How Does YouTube Store And Analyze Such Huge Amount of Data?
Do you love watching stand up comedy? Or maybe you like watching cute cat videos? Or even the latest Bollywood songs and trailers? Whatever your interests, I am sure you use YouTube to watch videos. And who knows? You might even have a popular channel on YouTube!!!
In either case, YouTube is an integral part of your life. And this is true for most people on Earth! This is easily proved by the fact that more than 400 hours of video content is uploaded on YouTube every minute, and approximately 1 billion hours of YouTube videos are watched every day. This makes YouTube the 2nd most popular social media platform in the world with 1.9 billion users (The 1st is Facebook!)
This is an insane amount of data that is stored and managed on YouTube. So the natural question is “How do they do it?” How does YouTube store and retrieve their content? How do they know which video to recommend to you next? How do they know what you want to watch? The answer to these questions lies in the complicated database management systems for YouTube. So let’s try to understand that now!
What is the Basic YouTube Data Storage Mechanism?
YouTube is the goto platform for watching and sharing videos. So, it’s obvious that there is a large volume of video content that it has to manage daily. This is done by using MySQL and various database management systems at different places to keep YouTube up and running.
Most of the YouTube data is stored in the Google Modular Data Centers. A modular data center is portable and can be placed wherever the data storage capacity is required. Since YouTube was bought by Google in 2006, it stands to reason that the YouTube data is stored in the Google Modular Data Centers. There are mainly 5 or 6 Google data centers that YouTube uses along with its own content distribution network (CDN) to make sure data is constantly available to end-users.
The more popular videos are moved to CDN which replicates them into various places. This means that they can be accessed much faster by the user with fewer hops required. On the other hand, less popular videos are saved on the YouTube servers where they can be accessed on-demand. Also, there is no hard and fast rule that the videos are stored in the data center closest to the geographical region they came out of. For example: If you upload some videos on YouTube from India, your data may be stored in a data center in the UK. Youtube also makes use of cloud storage in addition to all these methods.
Originally MySQL was mostly used in the YouTube databases to store most of the data ranging from the videos to metadata like users, tags, and descriptions. The varbinary data type was used for the databases which allowed the storage of videos and images like thumbnails as well! However, a disadvantage of MySQL is that there is little scope for scalability, which is a very important factor in an ever-expanding company like YouTube. However, YouTube cannot let go of MySQL completely, so Vitess is used in conjugation with MySQL. Vitess is a database clustering system that combines many of the important features of MySQL with the scalability that is a trademark of a NoSQL database. Vitess helps in consolidating the YouTube queries into smaller batches that are much easier to handle and execute. It also creates backups and scales as much is required.
How is YouTube Data Analyzed for Advertisement?

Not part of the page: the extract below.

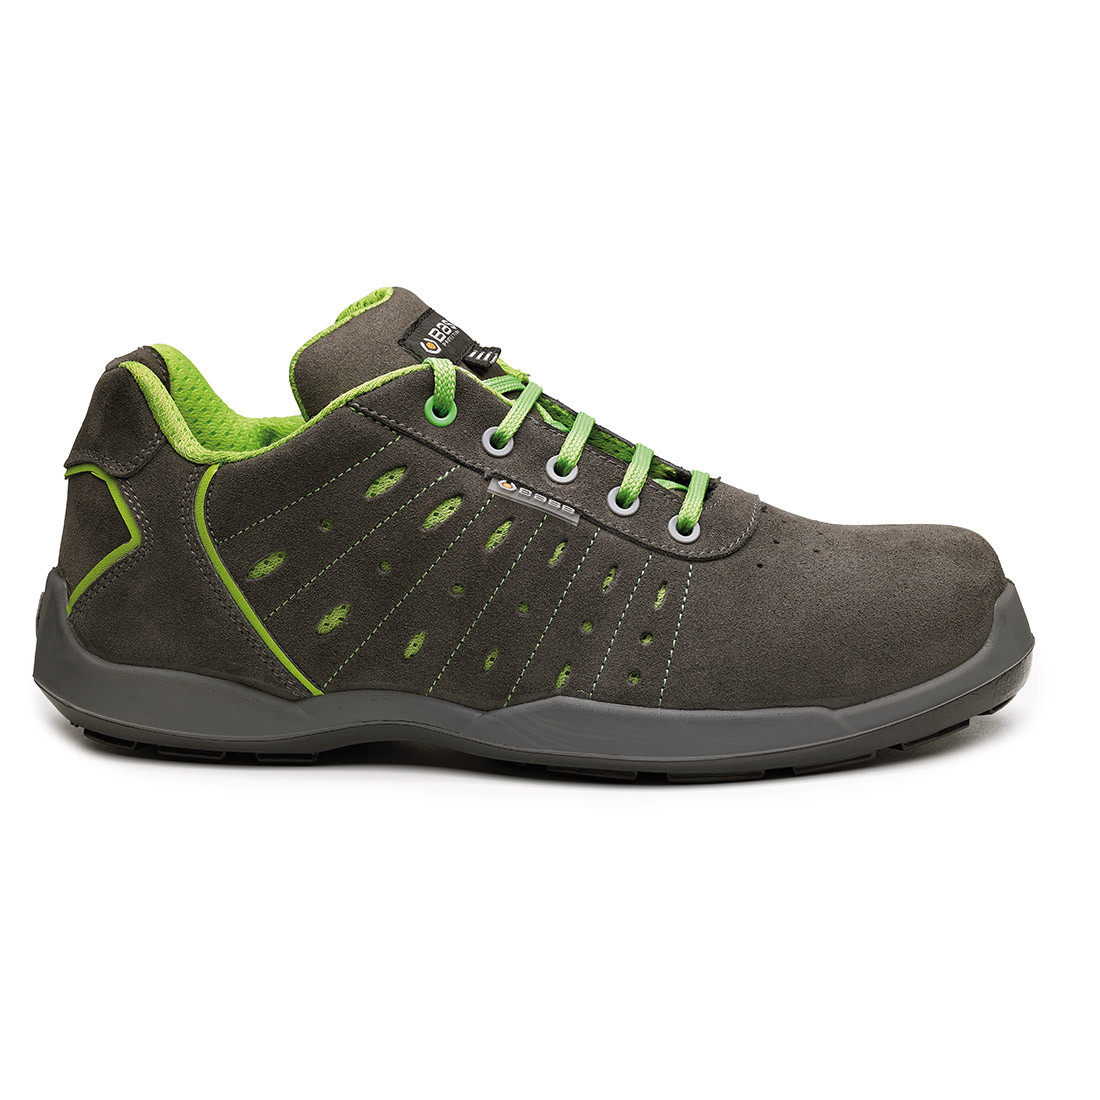 Pantofi Ace S1P SRC - Incaltaminte de protectie | Bocanci, Pantofi, Sandale, Cizme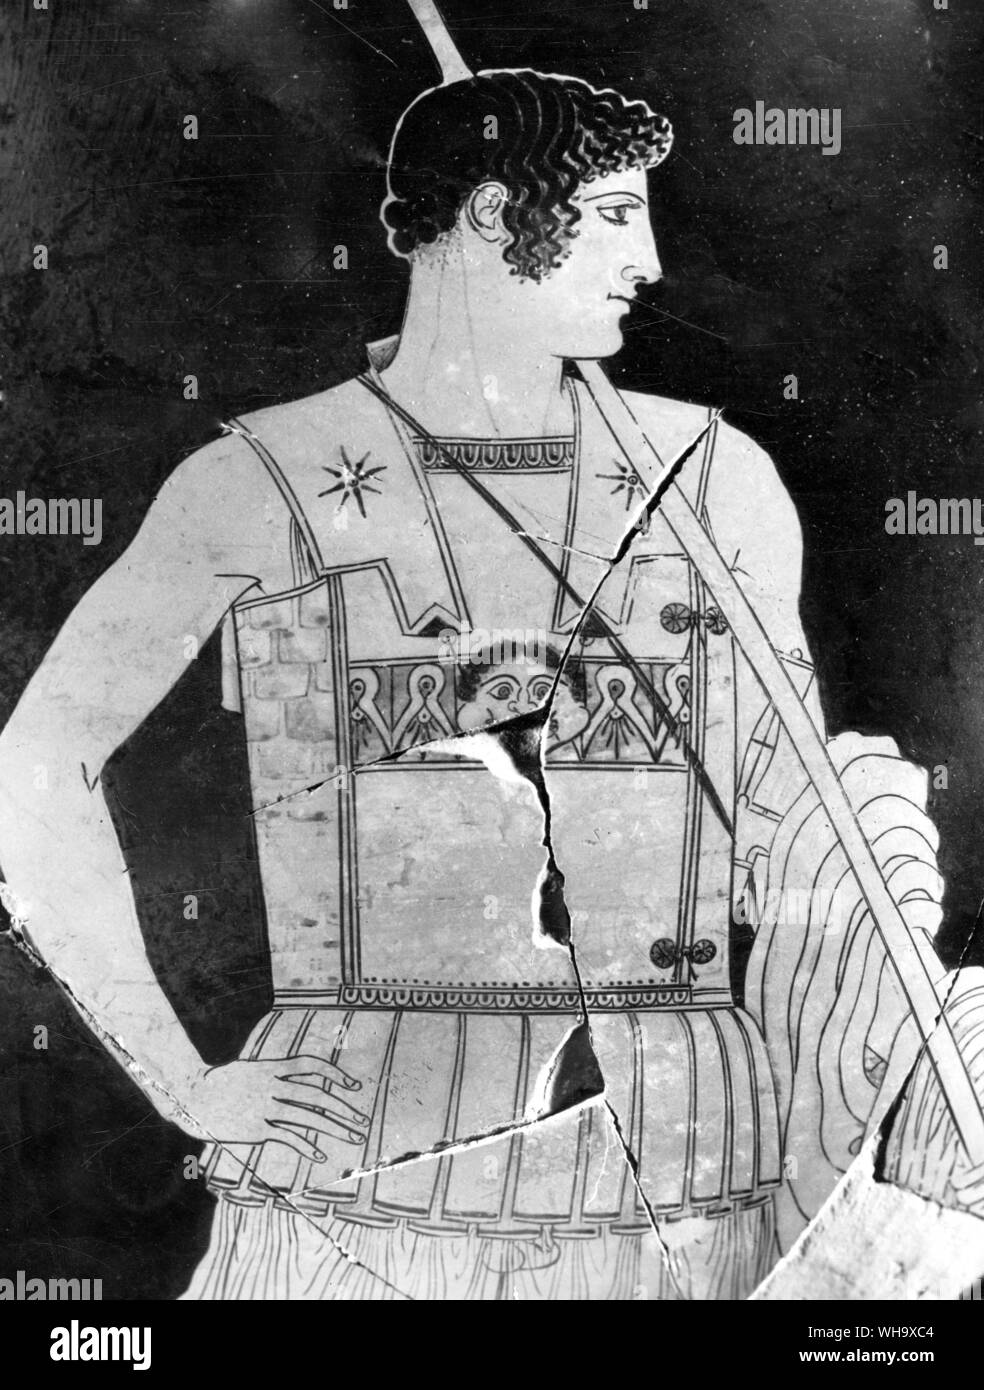 Alexander's heroischen Vorfahren, Achilles, aus einer Vase Malerei in der Mitte des fünften Jahrhunderts Dachgeschoss Master bekannt als die 'Achilles Maler" Stockfoto

The data collected by YouTube is also analyzed for personalized advertisement displays. Are you wondering how this is done? Well, this is where Google lends a hand! Google uses algorithms to collect all user information like browser and search history, geographical information, etc. Then these algorithms analyze the information to understand what kind of products or services the users might be interested in. Then companies pay for advertising their products on YouTube by using Adwords and Adsense which monitors the number of clicks on these advertisements. For example: Suppose that you are a football enthusiast who continuously watches games and player interviews on YouTube. So you will be mostly shown sports ads so that you might be interested in buying things!!! Using this algorithm, users get targeted ads according to their preferences and the advertisers can also ensure that their products reach those who might be interesting in buying them while YouTube earns money. So it’s a win-win situation!!!